The three-boat Laser Standard fleet had three starters but only two finishers with Alan Hodgins taking the honours over David Field.

Four 4.7s raced with Kitty Flanagan taking the wing over siblings Luke and Hugh Turvey and Eimear Farrell closed the account in 4th place.
Twenty-six Radials assembled at the start line for racing with a transfer from the 4.7s in the form of Rian Geraghty-McDonnell. This young man has dominated the 4.7s thus far so clearly has decided to up his game for the balance of the series. He started off where he left off with another win on the water, but it was a very close race at the front with the lead boats overlapped every time they cam down past the committee boat on the sausage leg. There were no raised voices throughout any of the manoeuvres to get around the leeward mark and if there had been “fun and games” the senior fleet in this fleet, one Sean Craig would be quick to restore proper order. As it was, he finished in third behind the Geraghty-McDonnell and Kate Fahy. Behind him, in turn, were Judy O’Beirne and Alanna Coakley, leaving the males in the minority of the top five places.
Only one Laser seemed to be disappointed that there wasn’t a second race – everyone else seemed to be happy to go home.

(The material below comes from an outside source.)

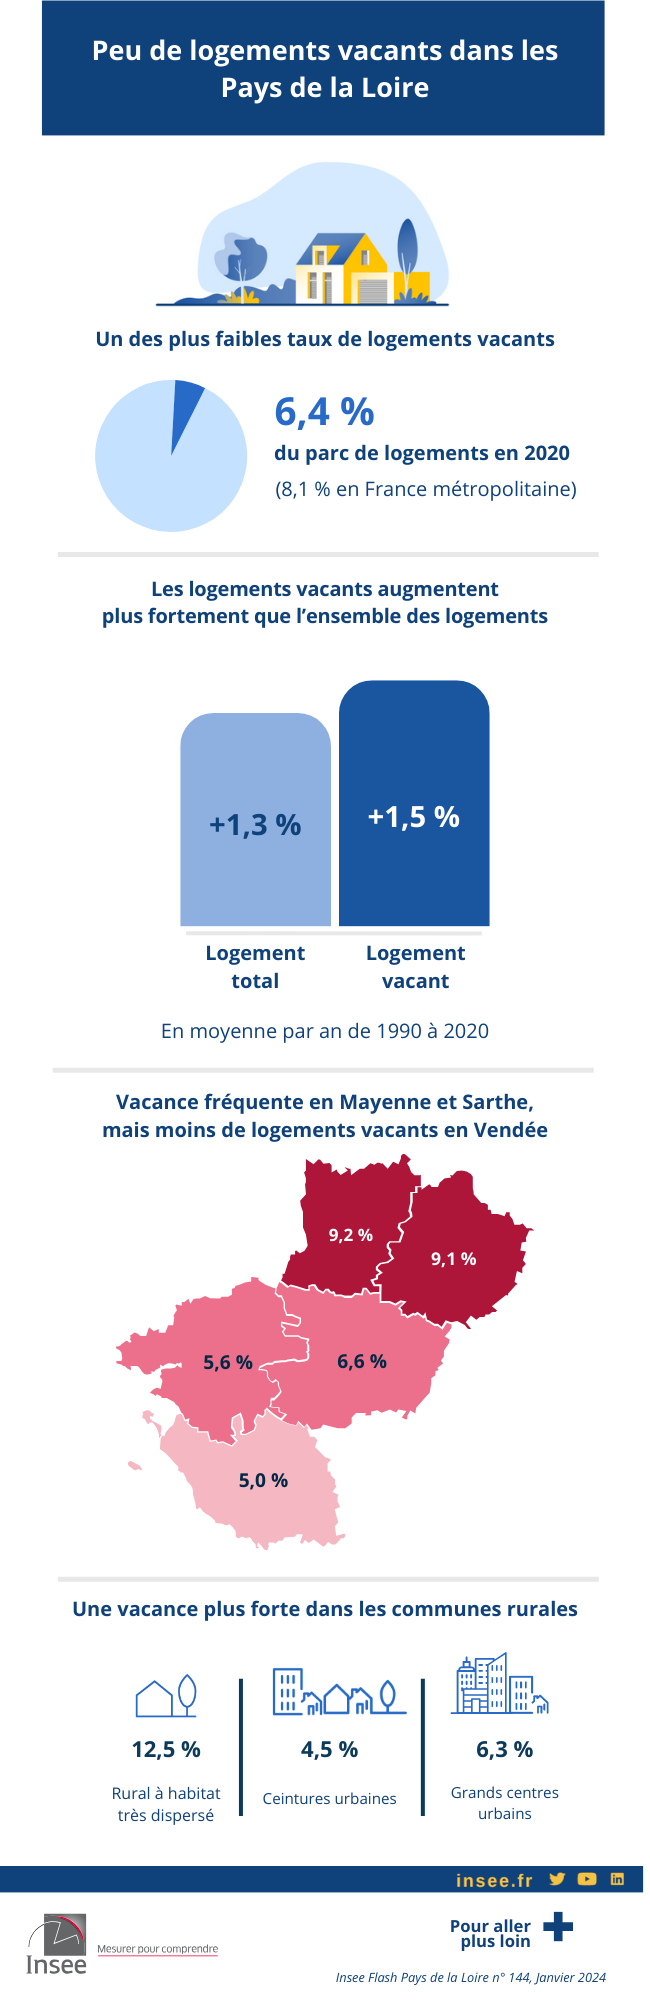 Peu de logements vacants dans les Pays de la Loire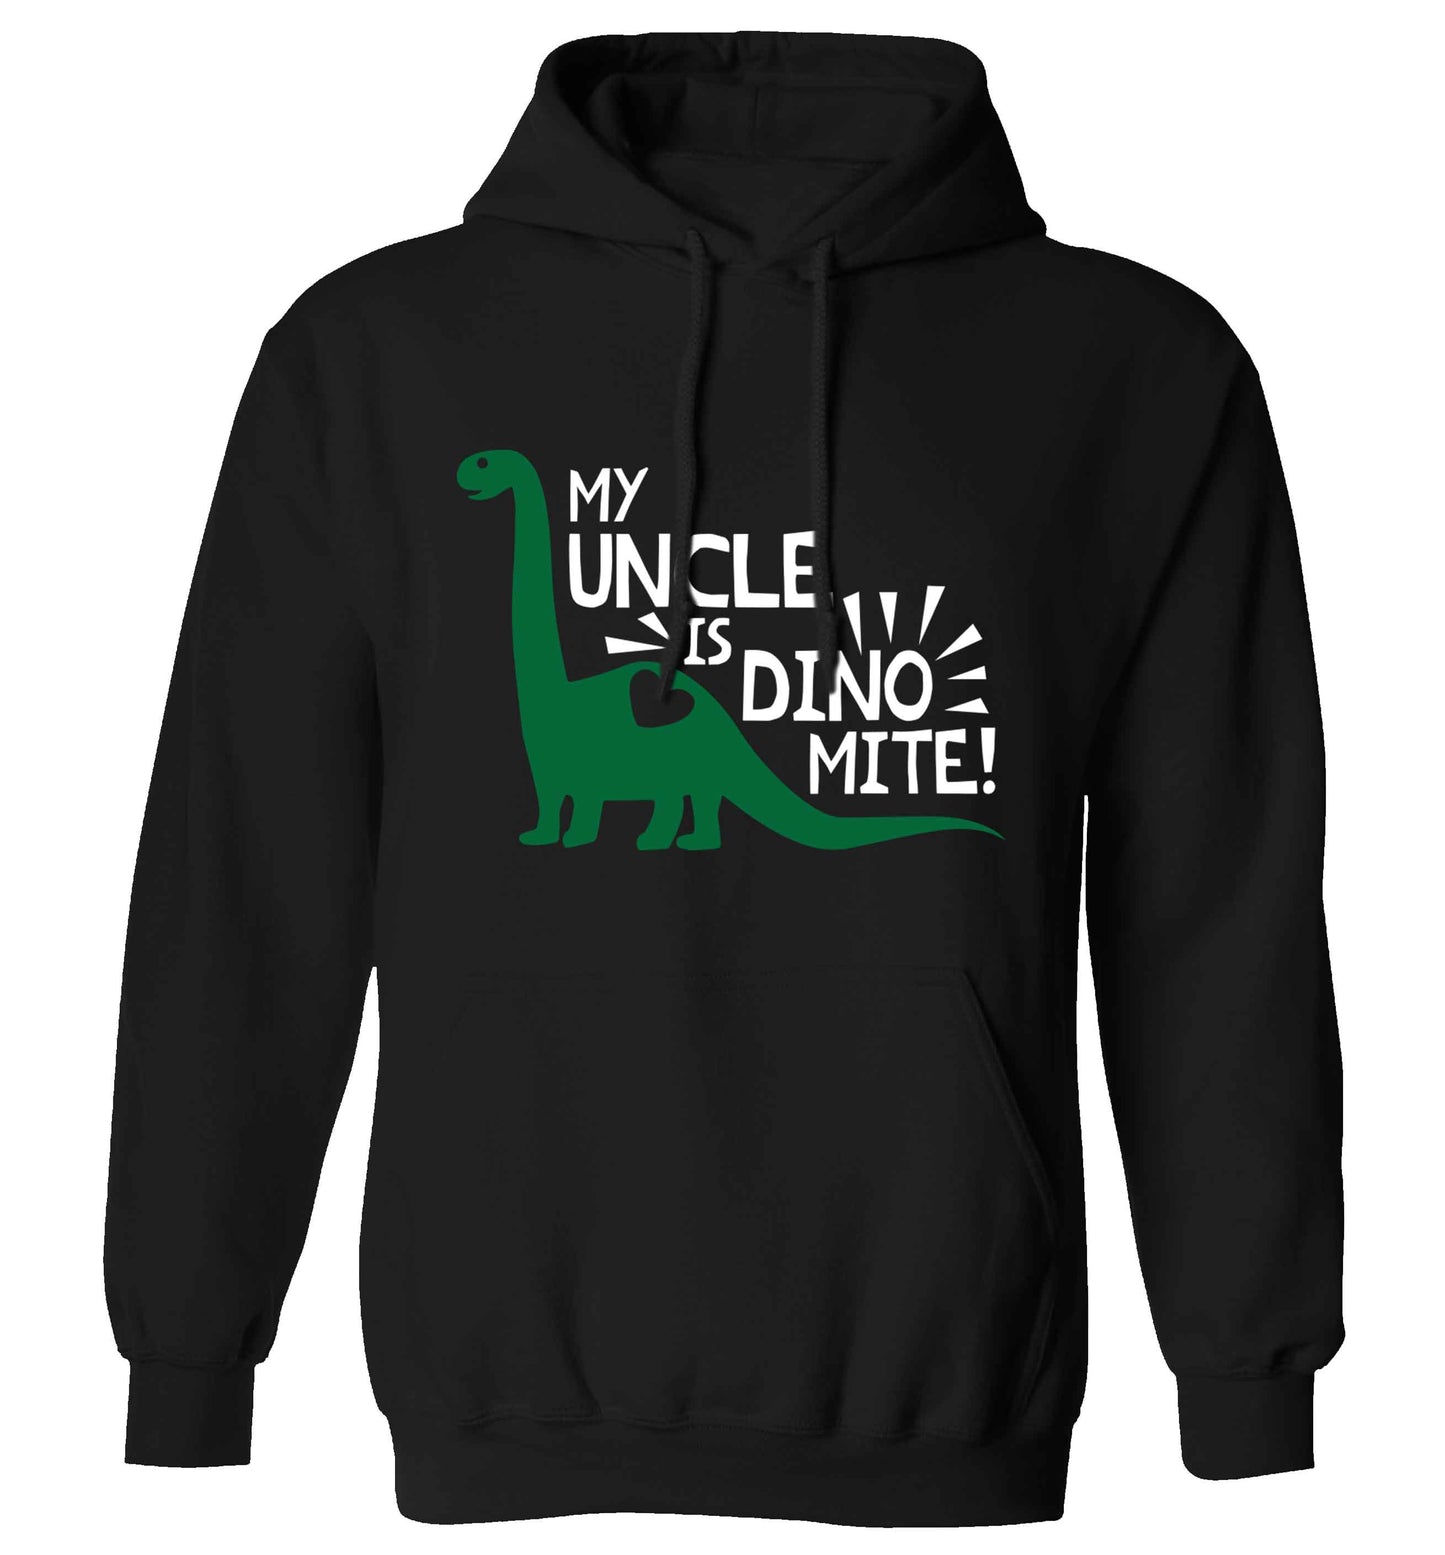 My uncle is dinomite! adults unisex black hoodie 2XL

DMYC Frostbites: Series 2; Round 3

PY Fleet:
1st Peter & Stephen Boyle (GP14), 2nd Shane McCarthy (Solo), 3rd David Mulvin & Ronan O’Beirne (Wayfarer).
Standard Lasers:
1st Alan Hodgins, 2nd David Field.
4.7s:
1st Kitty Flanagan, 2nd Luke Turvey, 3rd Hugh Turvey, 4th Eimear Farrell.
Laser Radials:
1st Rian Geraghty-McDonnell, 2nd Kate Fahy, 3rd Sean Craig, 4th Judy O’Beirne, 5th Alanna Coakley.

A quieter than usual DMYC clubhouse saw Peter & Stephen Boyle pick up a Frostbite Mug for their endeavours. There were other Mugs available for collection, but the rule is that you have to be there to get it!